* What you have to do
What you return should match the listing exactly, minus its images.

* Data section
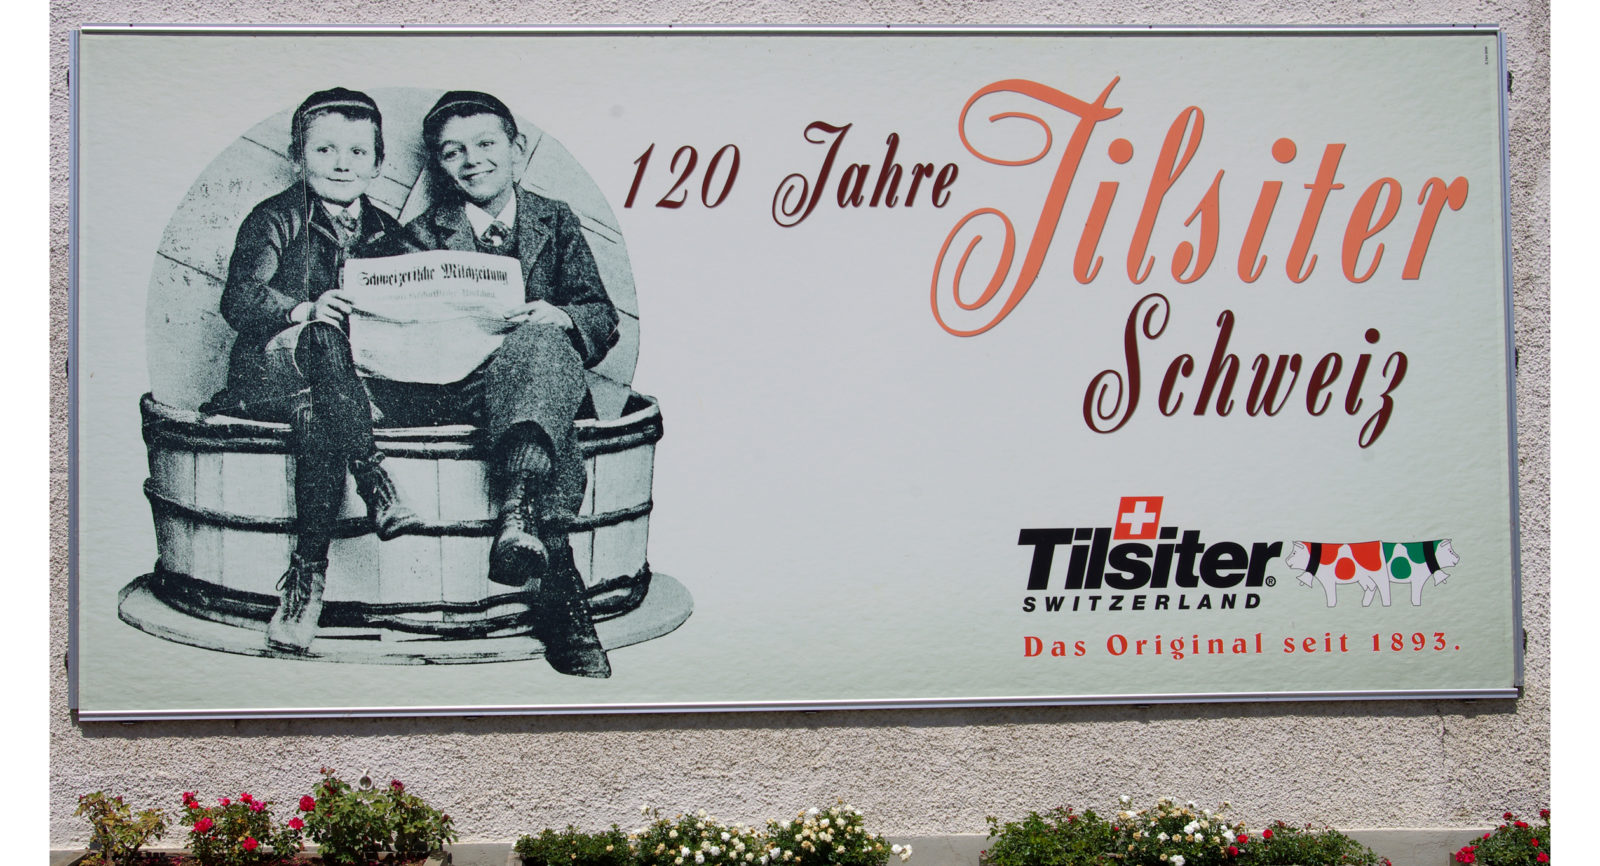 Die Familie Wartmann auf dem Holzhof in Amlikon-Bissegg gehört zu den ersten, die den Tilsiter in die Schweiz brachten.
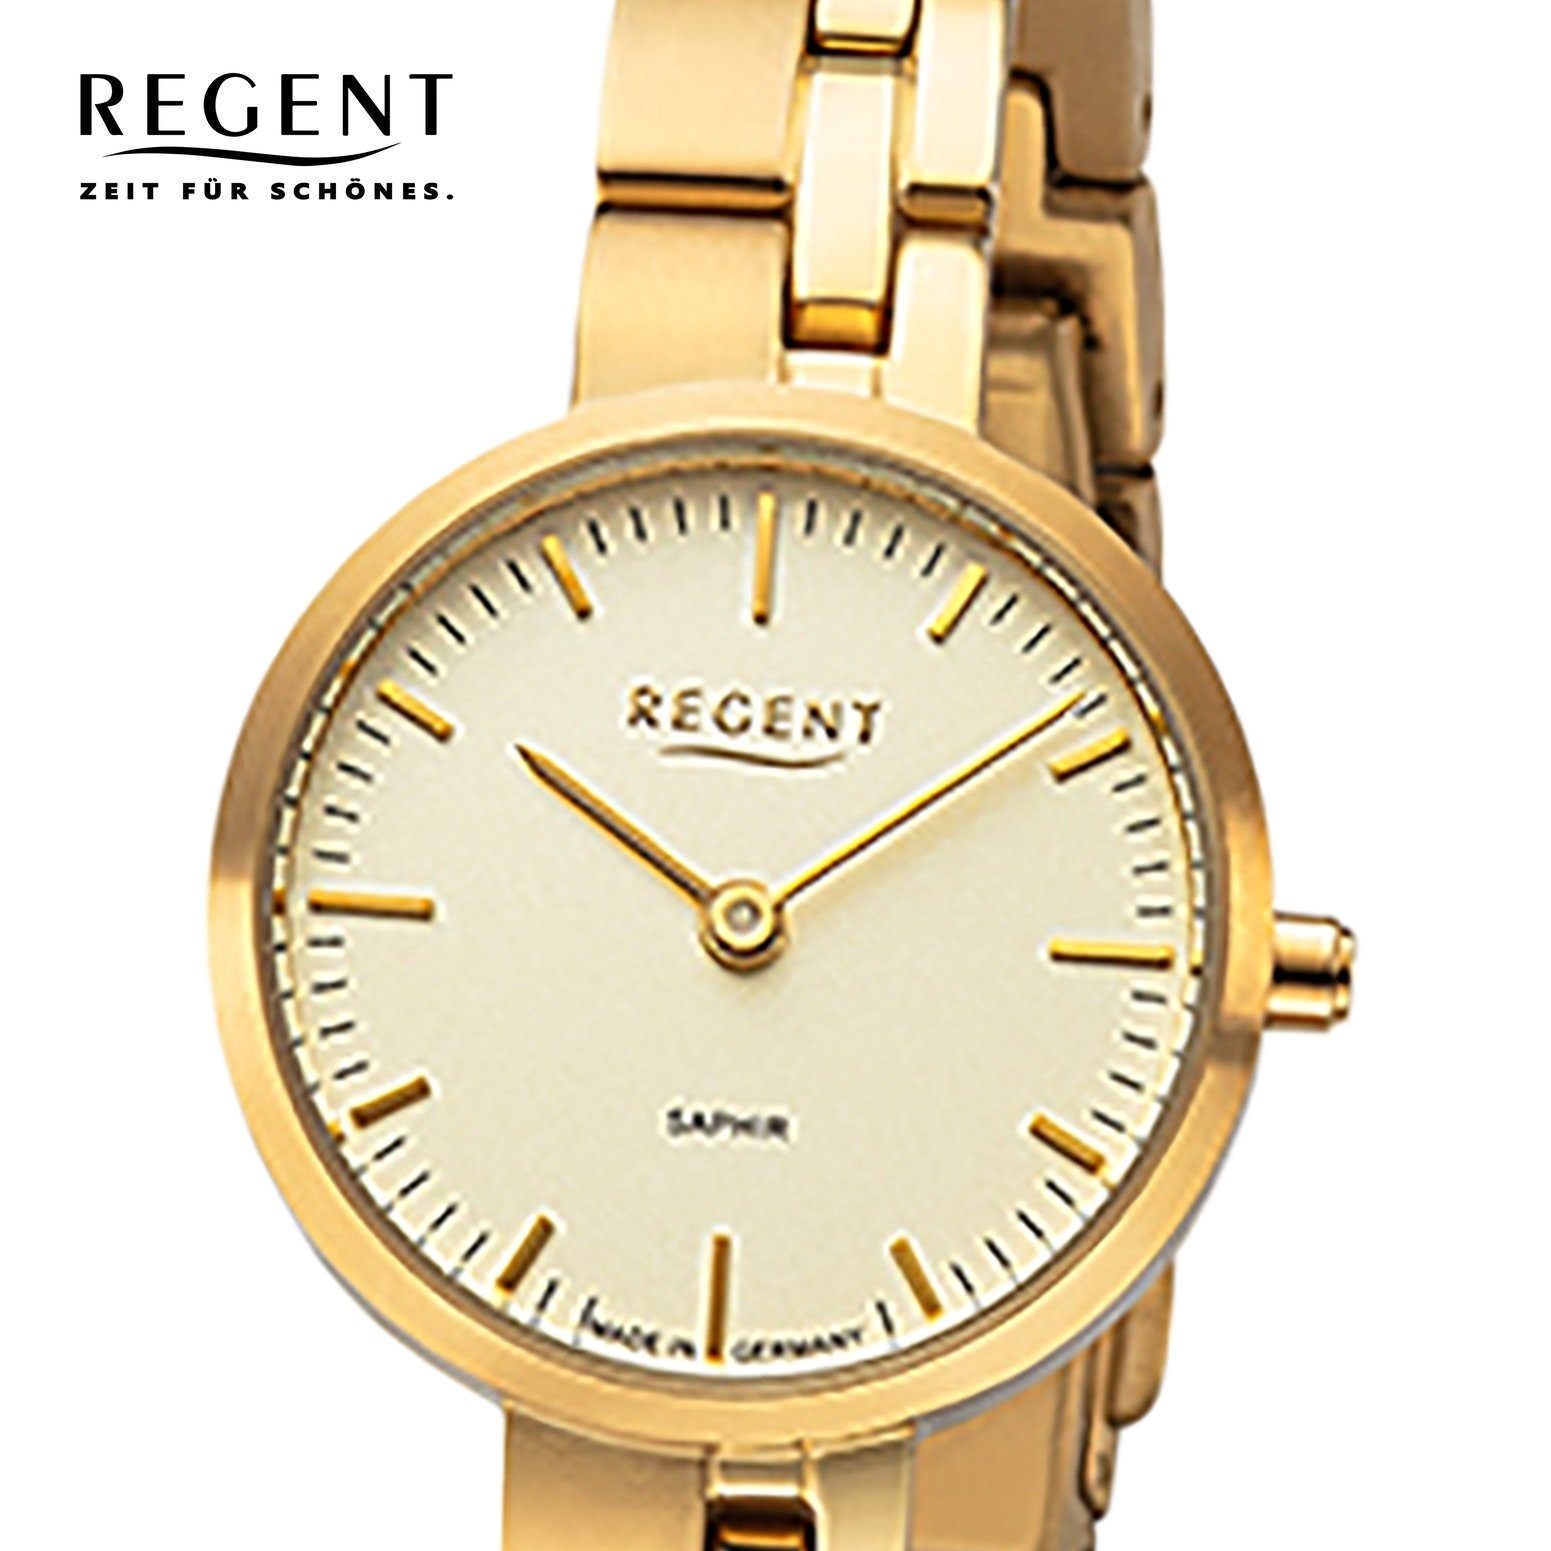 Regent Armbanduhr Titanbandarmband Armbanduhr Regent Damen (ca. klein Analoganzeige, Quarzuhr rund, Damen 26mm),
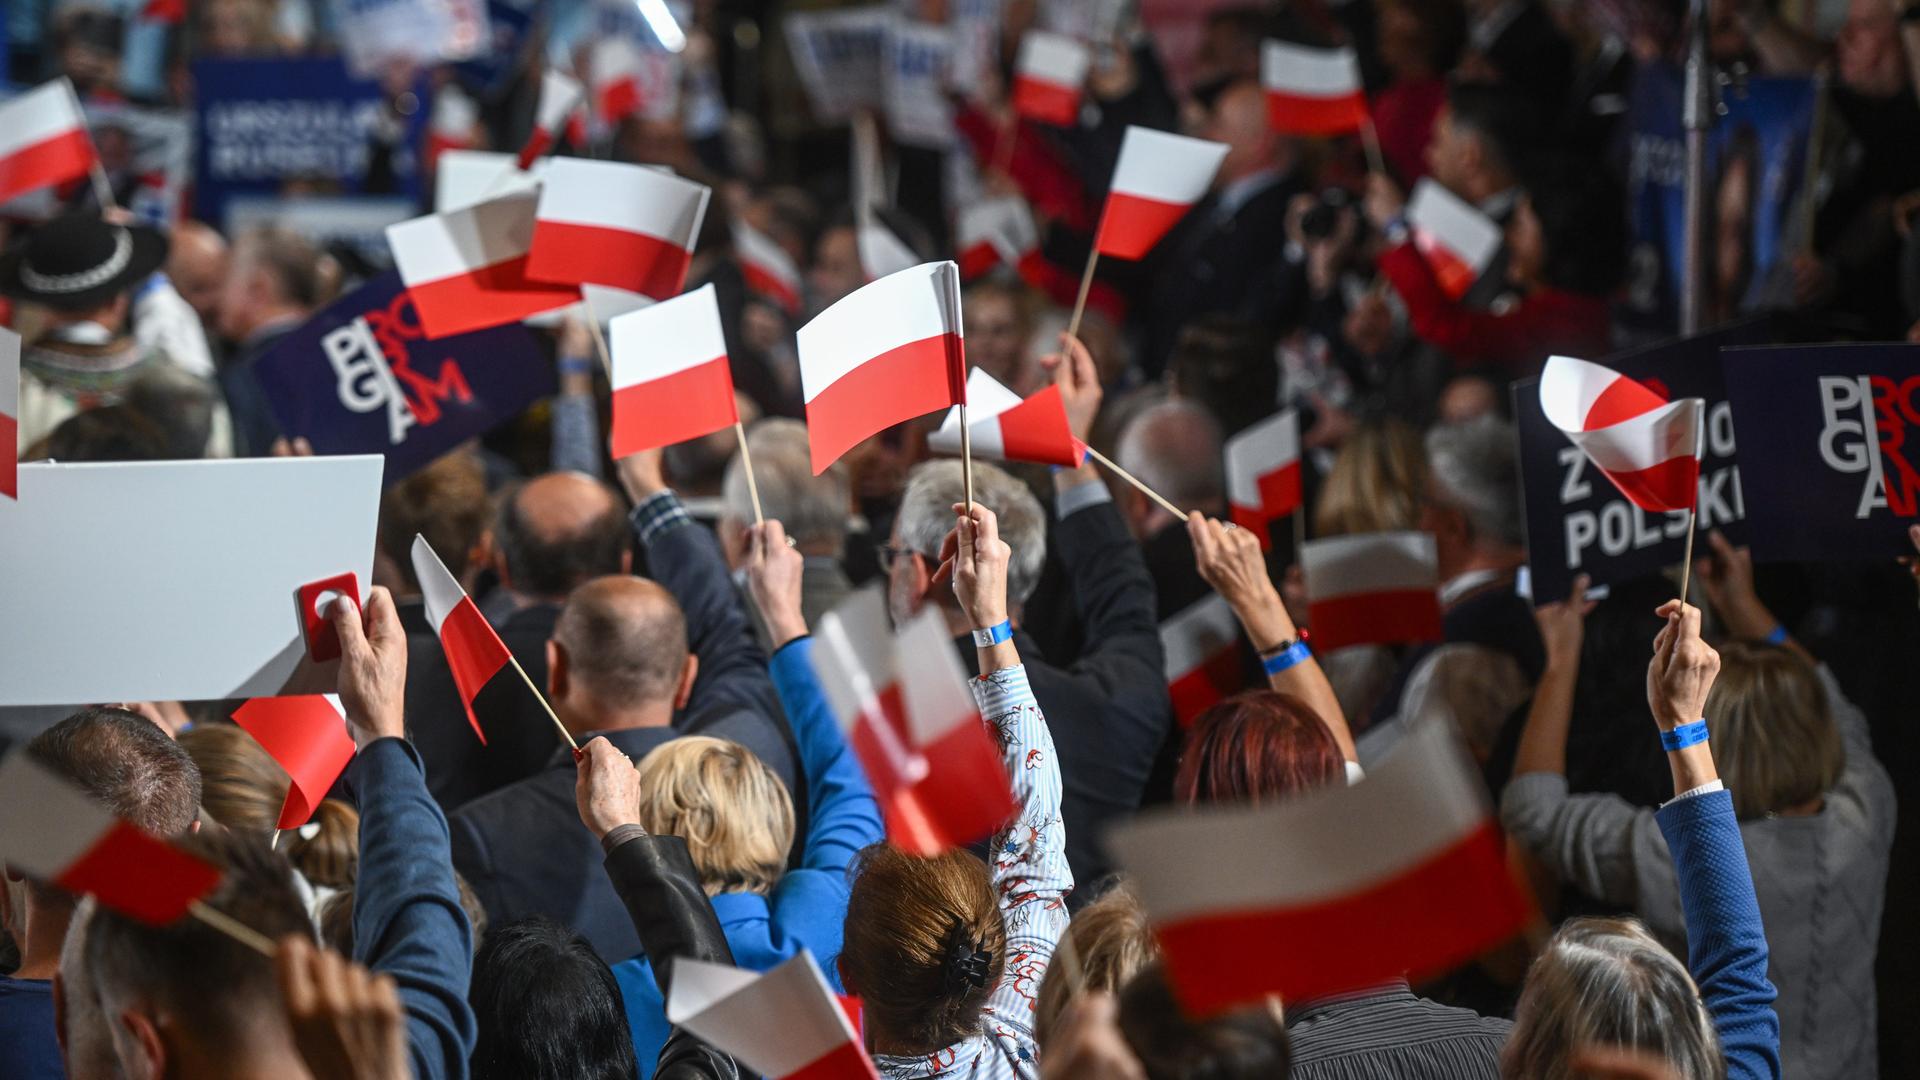 Anhänger der amtierenden PiS-Partei schwenken rot-weiße polnische Fahnen.
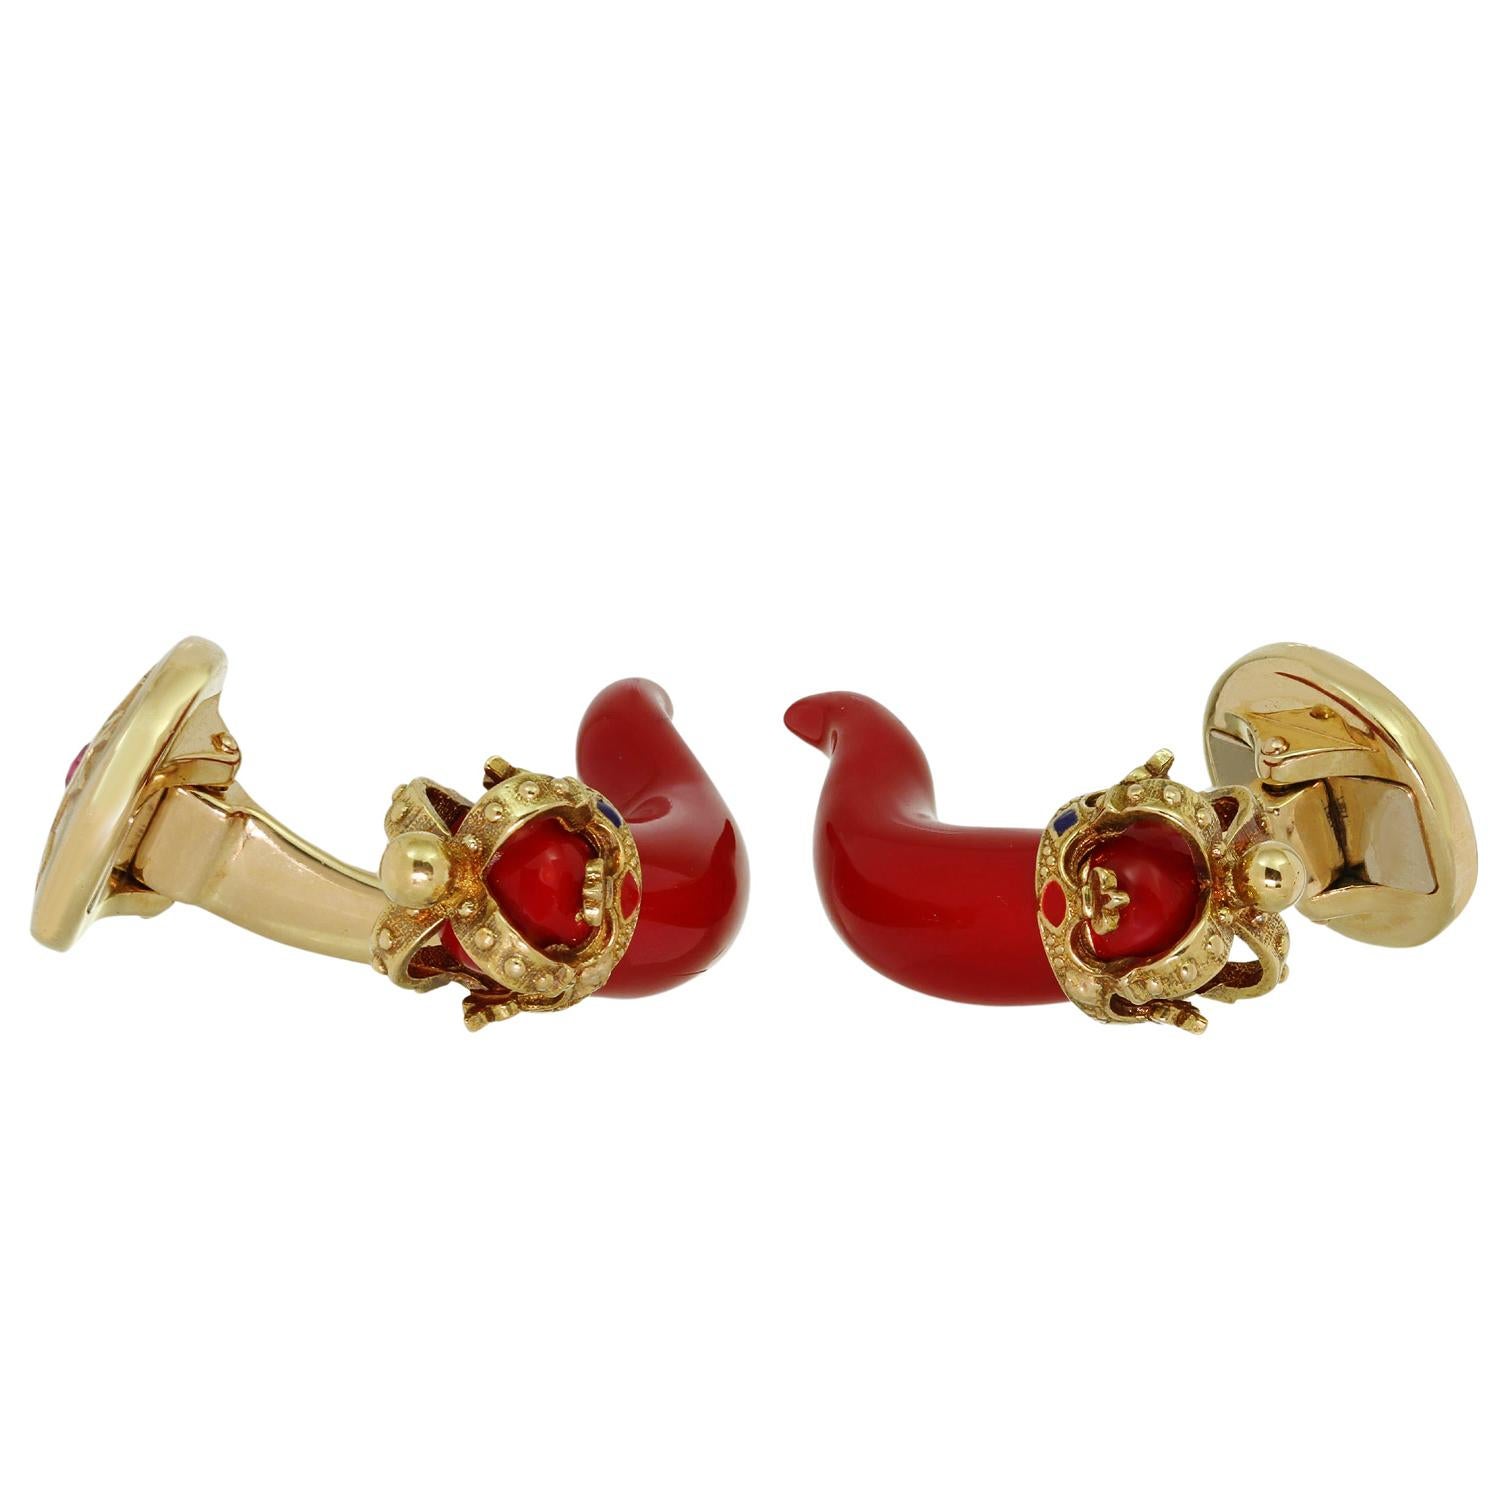 Ces magnifiques boutons de manchette Dolce & Gabbana sont réalisés en or jaune 18 carats et présentent des amulettes en corne émaillée rouge avec des couronnes en or rehaussées de motifs émaillés et de rubis rouges d'une valeur estimée à 0,09 carat.

* Final answer
 Die Familie Wartmann auf dem Holzhof in Amlikon-Bissegg gehört zu den ersten, die den Tilsiter in die Schweiz brachten.
 Regent Armbanduhr Titanbandarmband Armbanduhr Regent Damen (ca. klein Analoganzeige, Quarzuhr rund, Damen 26mm),
 Anhänger der amtierenden PiS-Partei schwenken rot-weiße polnische Fahnen.
 Ces magnifiques boutons de manchette Dolce & Gabbana sont réalisés en or jaune 18 carats et présentent des amulettes en corne émaillée rouge avec des couronnes en or rehaussées de motifs émaillés et de rubis rouges d'une valeur estimée à 0,09 carat.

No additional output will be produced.